Variables | Patients (n = 48) | r | P value |
---|---|---|---|
Age at the ILD diagnosis (years) | 55, 32–76 | −0.05 | 0.72 |
Male | 17 (35%) | − | − |
Current or former smoker | 20 (42%) | − | − |
CADM/classic DM/PM | 21 (44%)/24 (50%)/3 (6%) | − | − |
Fever | 20 (42%) | − | − |
Cough | 20 (42%) | − | − |
Dyspnea | 23 (48%) | − | − |
Muscle pain or weakness | 27 (56%) | − | − |
Rash typical of DM | 45 (94%) | − | − |
Raynaud’s phenomenon | 5 (10%) | − | − |
Arthralgia | 17 (35%) | − | − |
CK (IU/mL) | 162, 24–5274 | 0.24 | 0.10 |
CRP (mg/dL) | 0.36, 0.03–8.33 | 0.32 | 0.03 |
KL-6 (U/mL) | 883, 249–4323 | 0.14 | 0.33 |
Ferritin (ng/mL) | 116.5, 14–12701 | 0.25 | 0.08 |
PaO2 on room air (Torr) | 75.3, 47.9–109.0 | −0.16 | 0.28 |
Anti-MDA5-positive/anti-ARS positive/others | 14 (29%)/19 (40%)/15 (31%) | − | − |
Predicted FVC (%) | 65.8, 40.6–107.7 (n = 45) | −0.30 | 0.045 |
Predicted DLco (%) | 60.3, 27.4–127.2 (n = 18) | −0.15 | 0.55 |
BAL-lymphocytes (%) | 7.2, 1.2–70.0 (n = 35) | 0.03 | 0.85 |
Data are presented as number (%) or median, range. All P values are derived from the Spearman's rank correlation coefficient. ARS aminoacyl-tRNA synthetase, BAL bronchoalveolar lavage, CADM clinically amyopathic dermatomyositis, CK creatine kinase, CRP C-reactive protein, DLco diffusing capacity of the lung for carbon monoxide, DM dermatomyositis, FVC forced vital capacity, ILD interstitial lung disease, KL-6 Krebs von den Lungen-6, PaO2 arterial partial pressure of oxygen, MDA5 melanoma differentiation-associated gene 5, PM, polymyositis
Serum sCD163
Serum concentrations of sCD163 are compared in Fig. 1a. The median value of serum sCD163 was 818 ng/mL (range 300–2759 ng/mL) in patients with PM/DM-related ILD, which was relatively higher than that in patients with PM/DM without ILD (median 716 ng/mL, range 250–1101 ng/mL). Patients with PM/DM, regardless of the presence/absence of ILD, had significantly higher sCD163 levels than healthy volunteers (median 340 ng/mL, range 127–647 ng/mL).

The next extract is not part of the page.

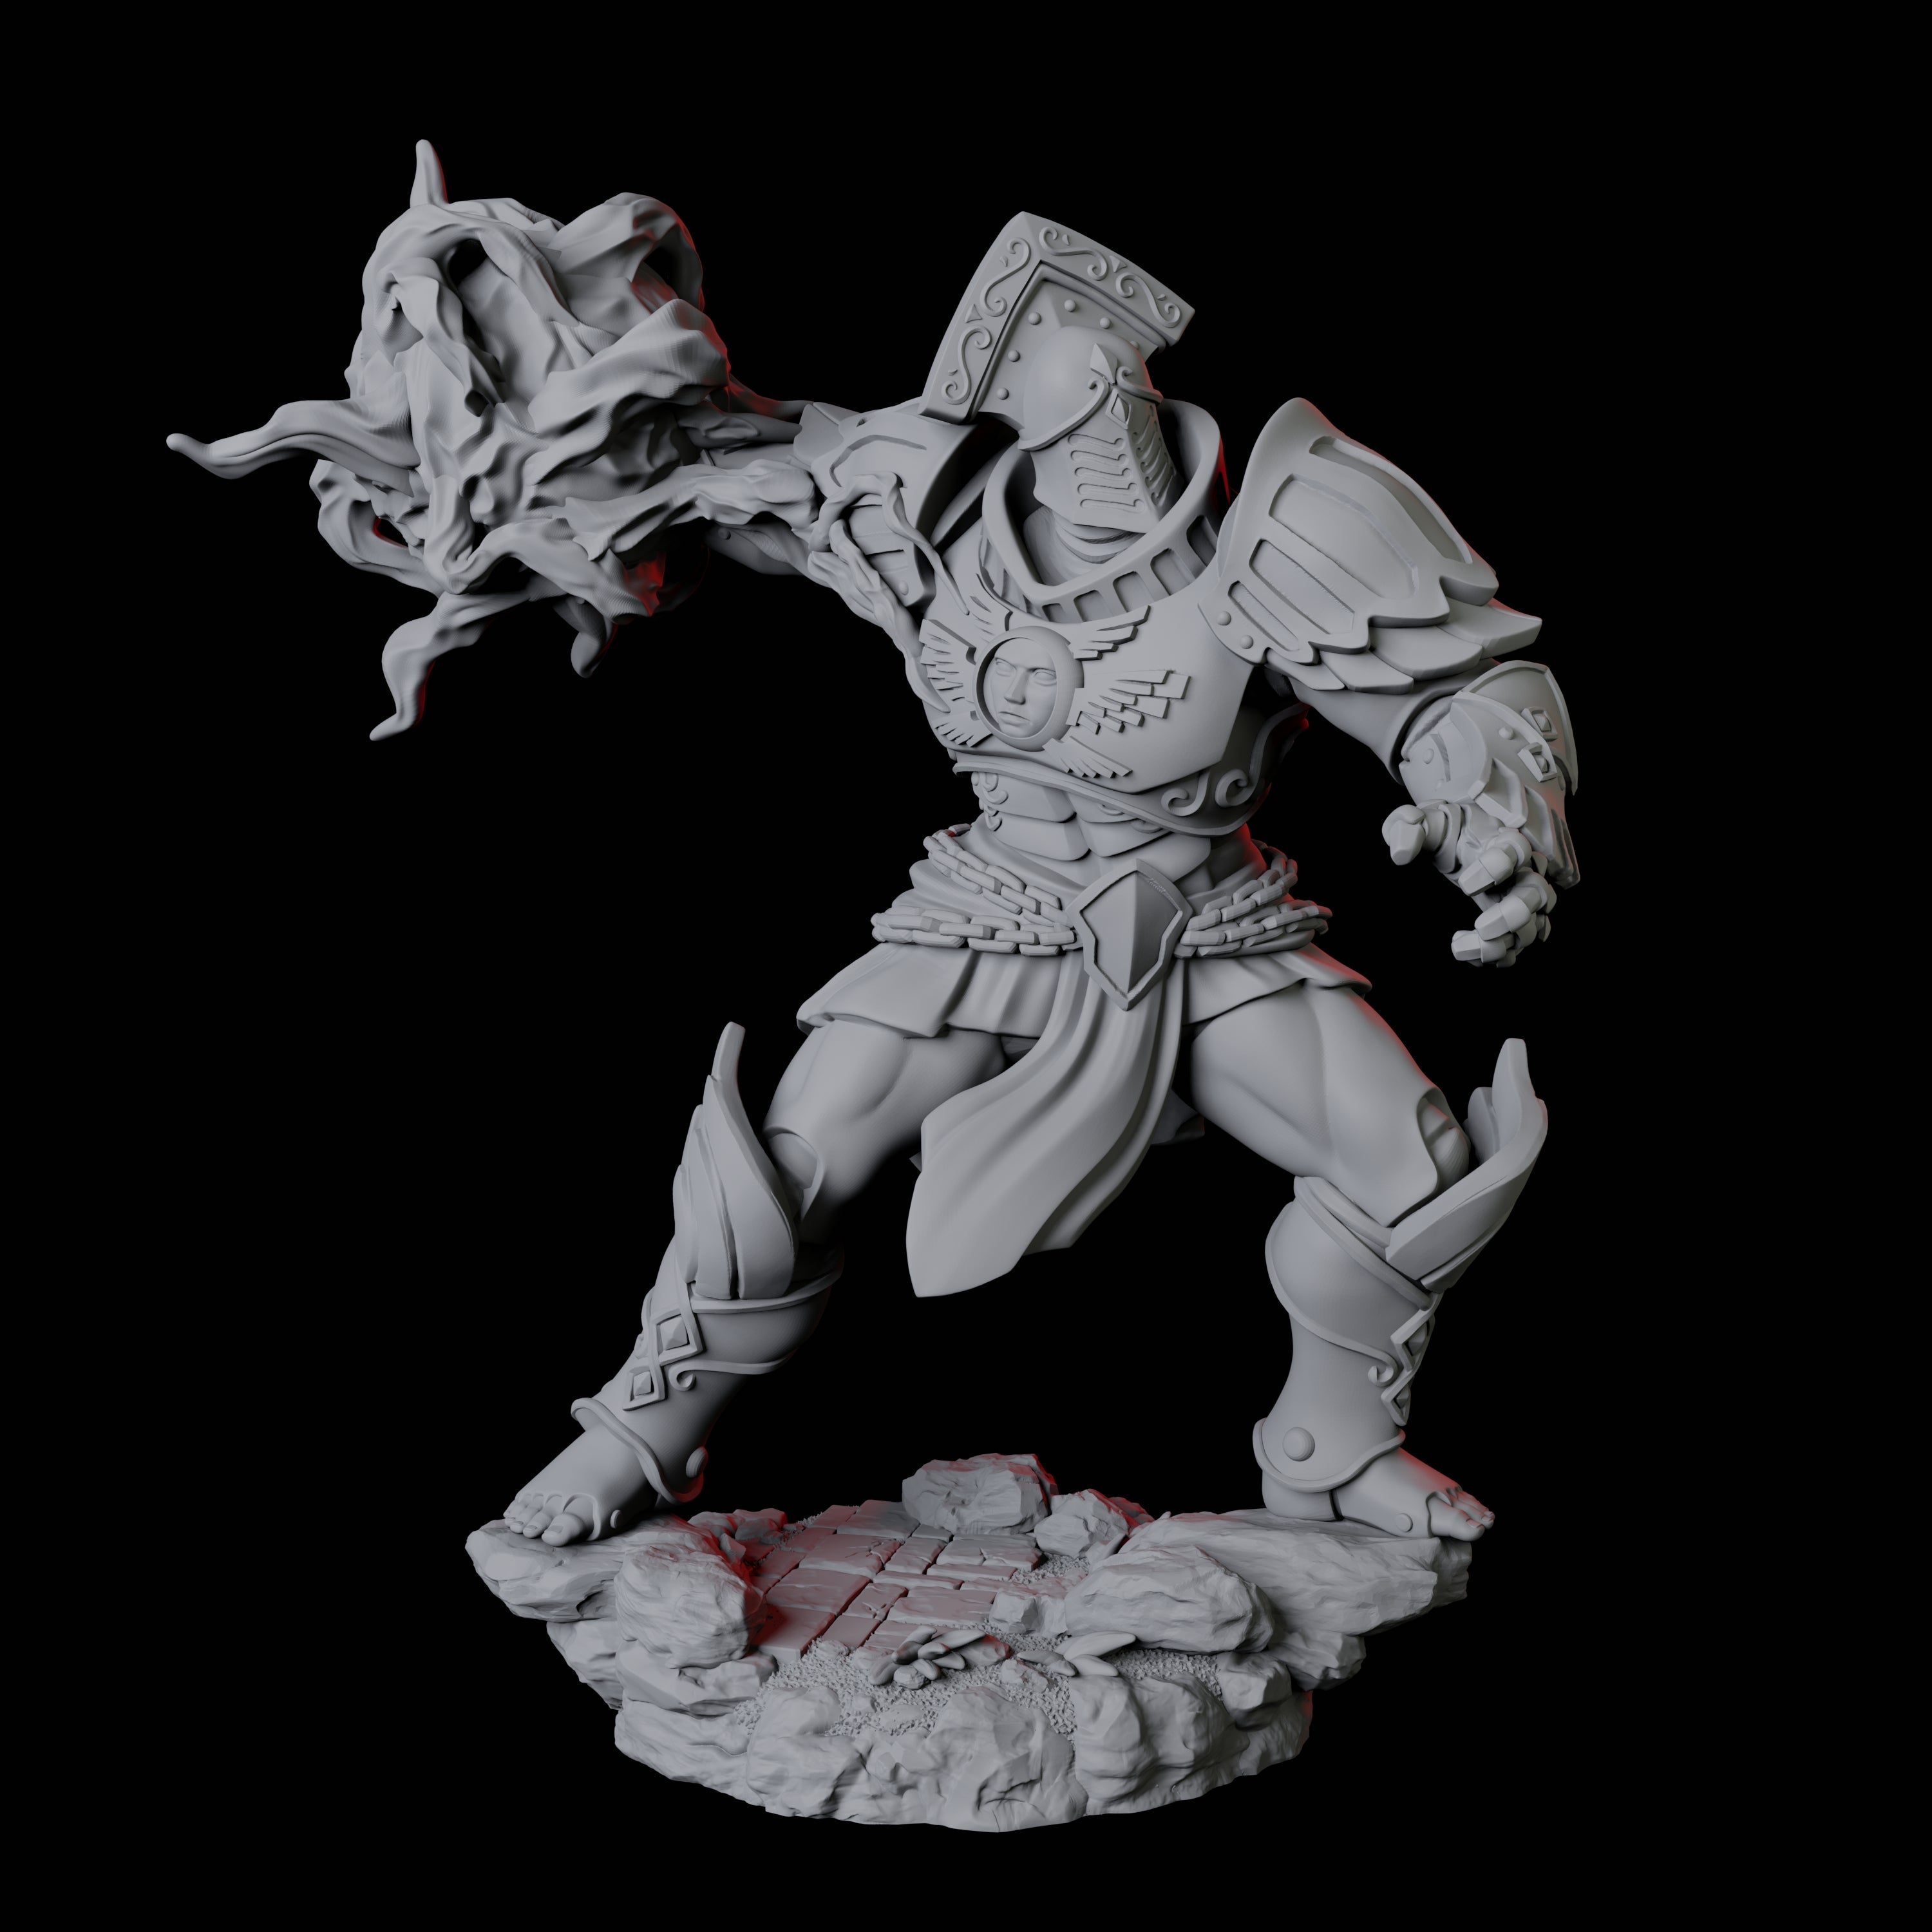 Striking Paladin Miniature for Dungeons and Dragons, Pathfinder or other TTRPGs

Table 1 shows the correlation between serum sCD163 levels and other clinical factors at PM/DM-related ILD diagnosis. Although the coefficients were generally low, serum sCD163 was positively correlated with serum CRP (r = 0.322, P = 0.03) and negatively correlated with % predicted FVC (r = −0.301, P = 0.045). There was weak, non-significant correlation with serum ferritin (r = 0.25, P = 0.08). Patients with fever and arthralgia had significantly higher sCD163 than those without such symptoms (Table 2). The comparison of sCD163 levels according to the profile of myositis-specific autoantibodies is shown in Fig. 1b. Although not significant, patients with anti-MDA5 antibody exhibited relatively higher values.
Table 2.
Variables | Soluble CD163, ng/mL | P value |
---|---|---|
Male/female | 814 (300–1572)/822 (305–2759) | 0.66 |
Current or former smoker/never smoker | 791 (300–2758)/834 (305–2512) | 0.39 |
CADM/others | 730 (305–1750)/862 (300–2759) | 0.09 |
Fever, yes/no | 1009 (428–2512)/742 (300–2759) | 0.03 |
Cough, yes/no | 806 (426–1572)/826 (300–2759) | 0.59 |
Dyspnea, yes/no | 814 (428–2759)/822 (300–1572) | 0.48 |
Muscle pain or weakness, yes/no | 862 (300–2759)/730 (305–1750) | 0.09 |
Rash typical of DM, yes/no | 789 (300–2759)/1124 (814–1213) | 0.30 |
Raynaud’s phenomenon, yes/no | 593 (426–1137)/822 (300–2759) | 0.27 |
Arthralgia, yes/no | 1124 (305–2512)/773 (300–2759) | 0.02 |
Anti-MDA5 antibody, positive/negative | 887 (495–2512)/778 (300–2759) | 0.09 |
Data are presented as median (observed range). All P values are derived from the Mann–Whitney U test. CADM clinically amyopathic dermatomyositis, DM dermatomyositis, MDA5 Melanoma differentiation-associated gene 5
Clinical course
The median follow-up period in patients with PM/DM-related ILD was 85.2 months (range 5.8–211.4 months). Only two patients were lost to follow up. Most patients (46/48, 96%) received immunosuppressive therapy after ILD diagnosis. Among these patients, combination regimens of high-dose corticosteroids and immunosuppresssants, including cyclophosphamide, cyclosporine, and tacrolimus, were administered to 38 patients; in contrast, corticosteroid monotherapy was selected for the other 8 patients. Although most patients had a favorable response to the treatment, 13 patients died during the follow-up period. The most common cause of death was respiratory failure due to ILD (n = 9), followed by cancer of unknown primary origin (n = 1), myocarditis (n = 1), rupture of aortic aneurysm (n = 1), and unknown cause (n = 1). Among the non-surviving patients, lung specimens were available in three patients, which showed diffuse alveolar damage on surgical lung biopsy (n = 1) or autopsy (n = 1) and usual interstitial pneumonia with moderate lymphocytic alveolitis on surgical lung biopsy (n = 1).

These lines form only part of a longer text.